◆ **About this exercise**:
Pictures in the listing should not be copied. Reproduce, word for word, each line from the one holding "Valentines Day background" through the final line.

** The data follows **

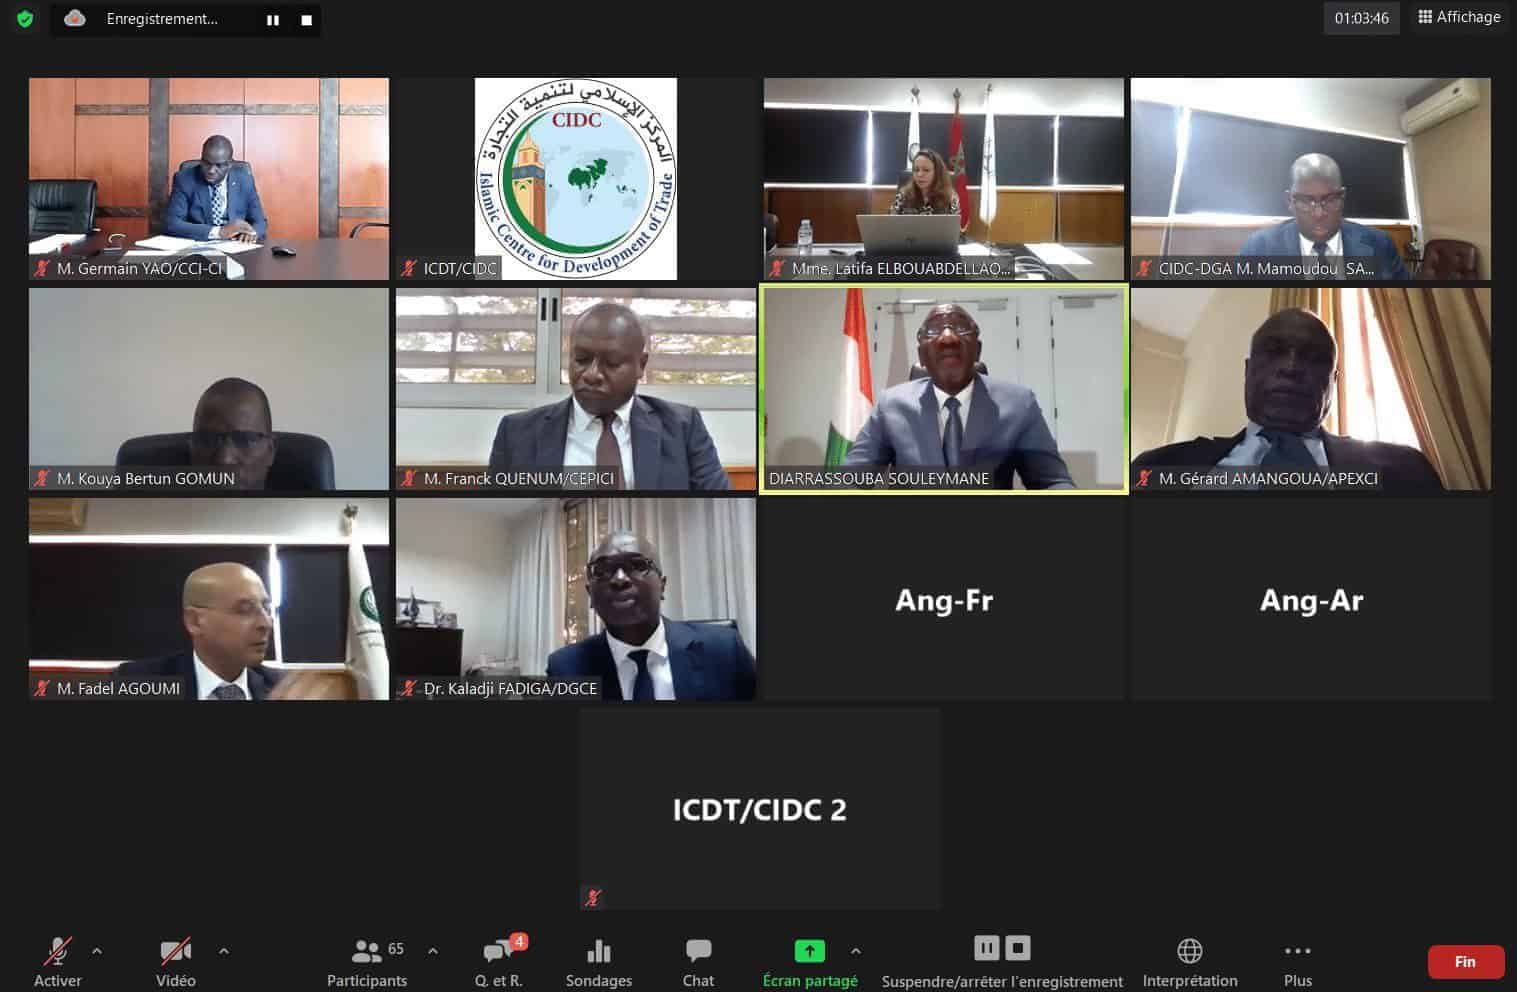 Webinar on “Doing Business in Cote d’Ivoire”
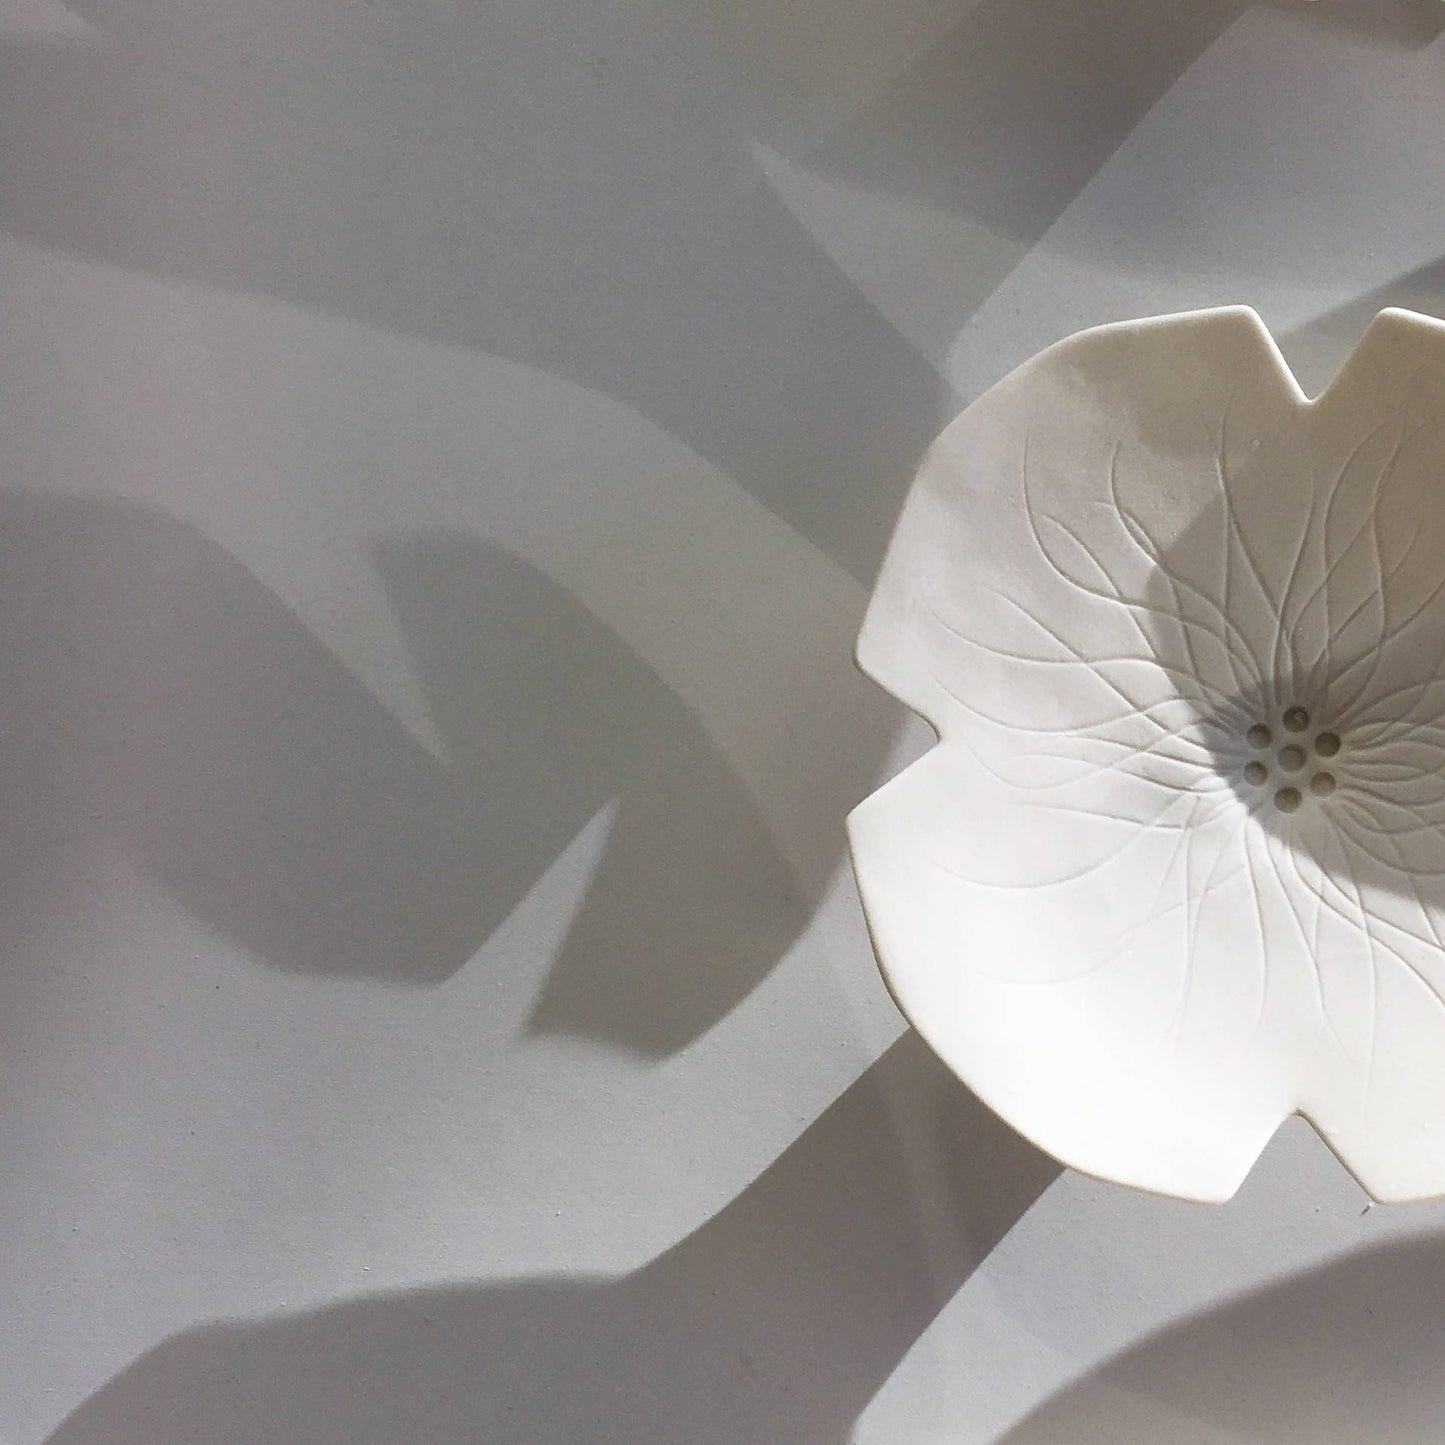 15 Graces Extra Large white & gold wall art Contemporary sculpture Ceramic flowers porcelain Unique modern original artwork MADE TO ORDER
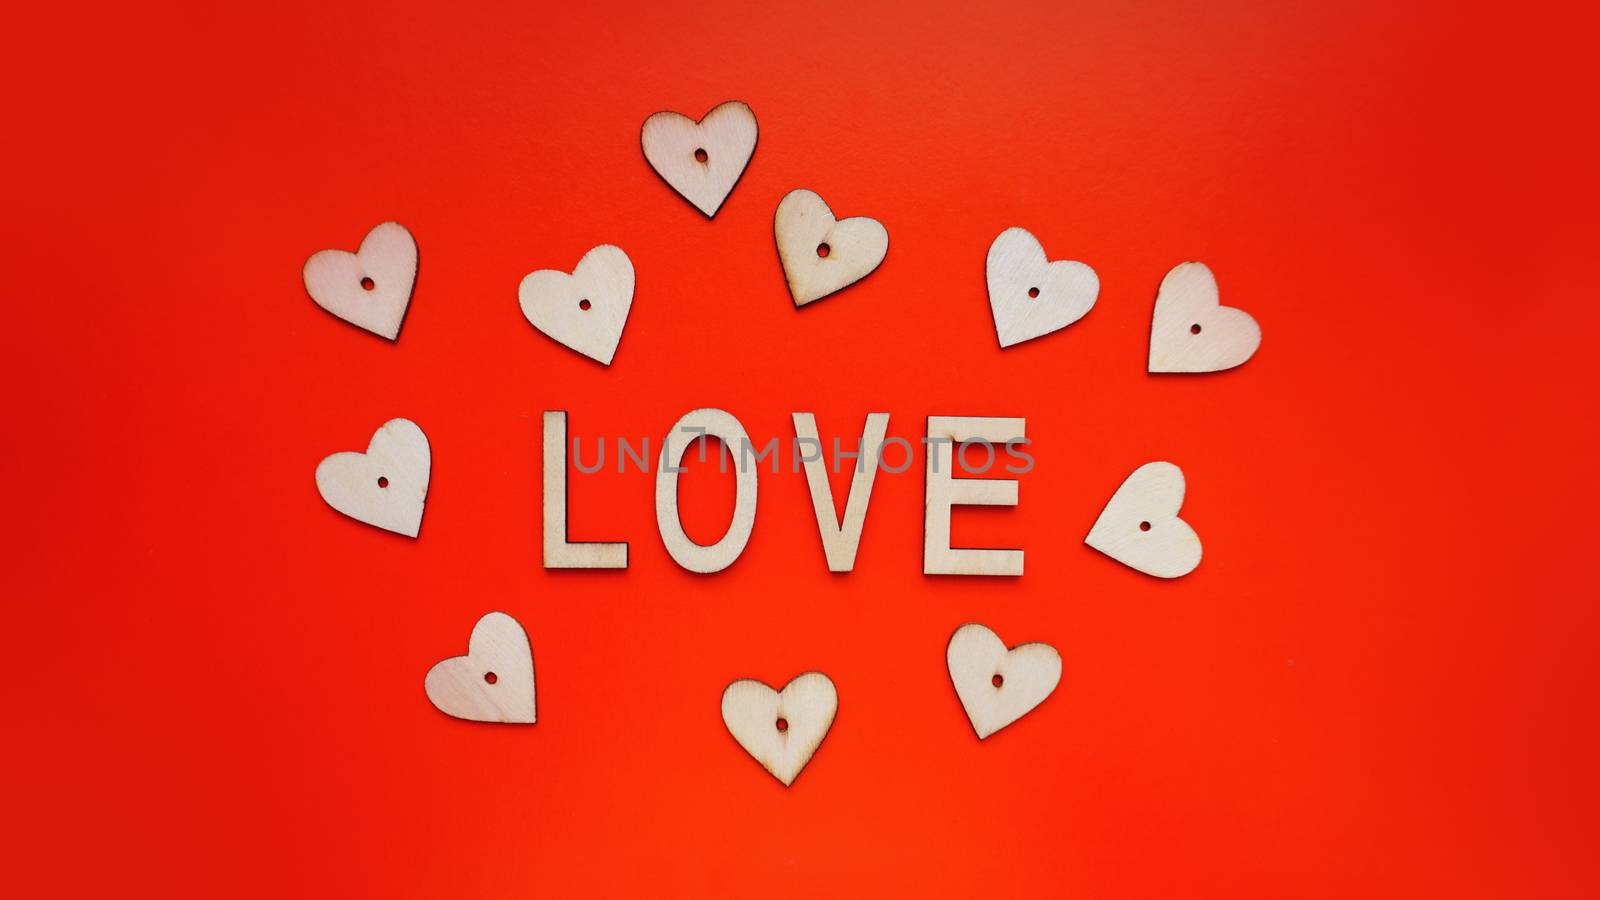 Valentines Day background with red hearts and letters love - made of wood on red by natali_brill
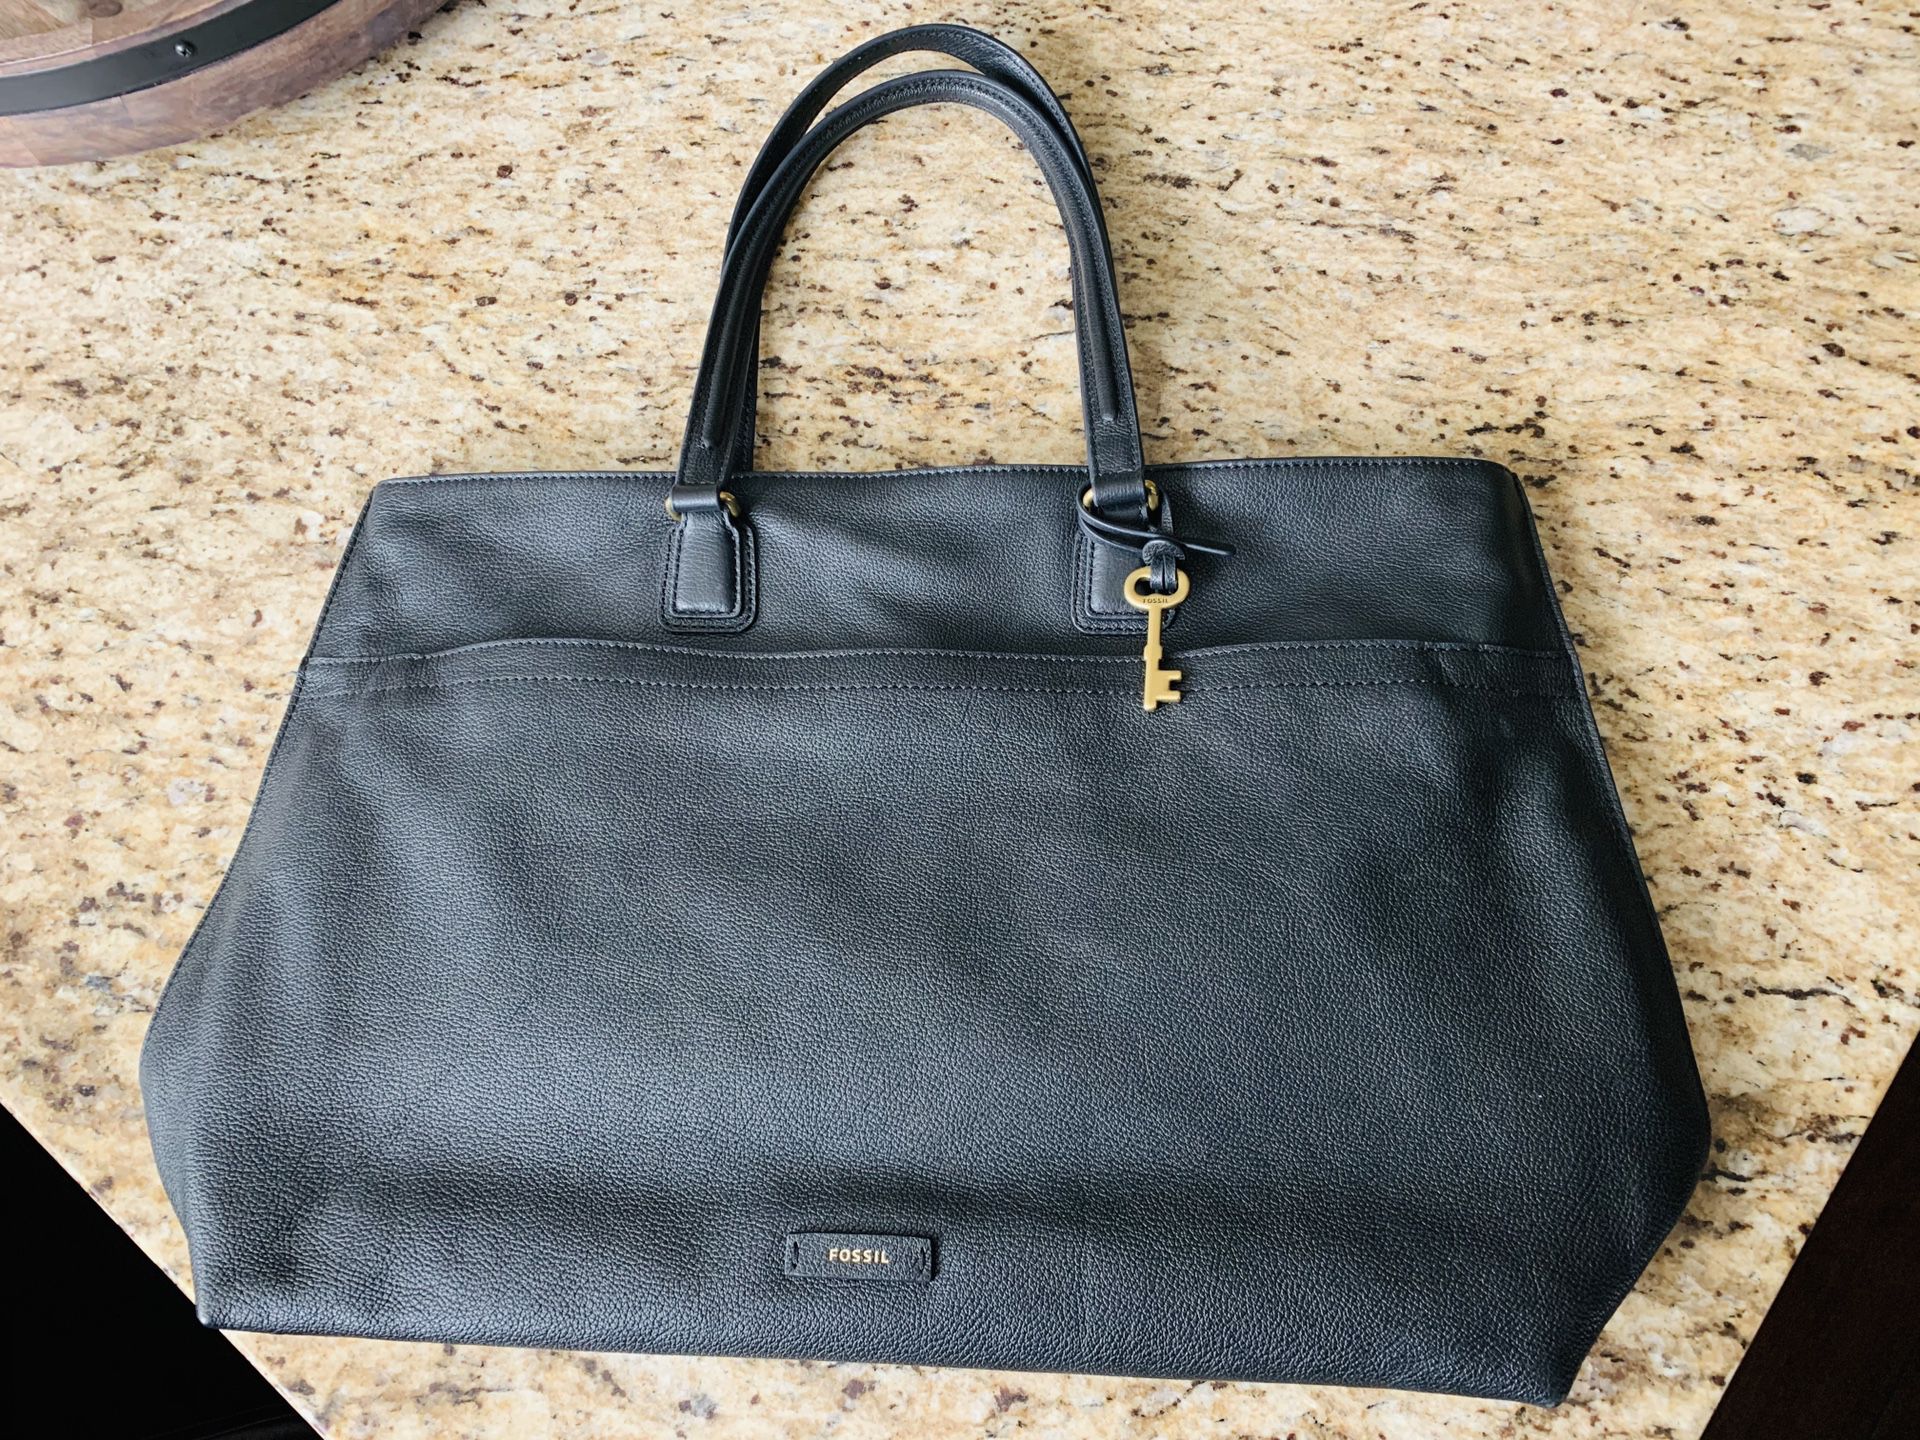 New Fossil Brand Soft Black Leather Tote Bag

** End of The data **

◆ **Answer to the problem**:
 Valentines Day background with red hearts and letters love - made of wood on red by natali_brill
 New Fossil Brand Soft Black Leather Tote Bag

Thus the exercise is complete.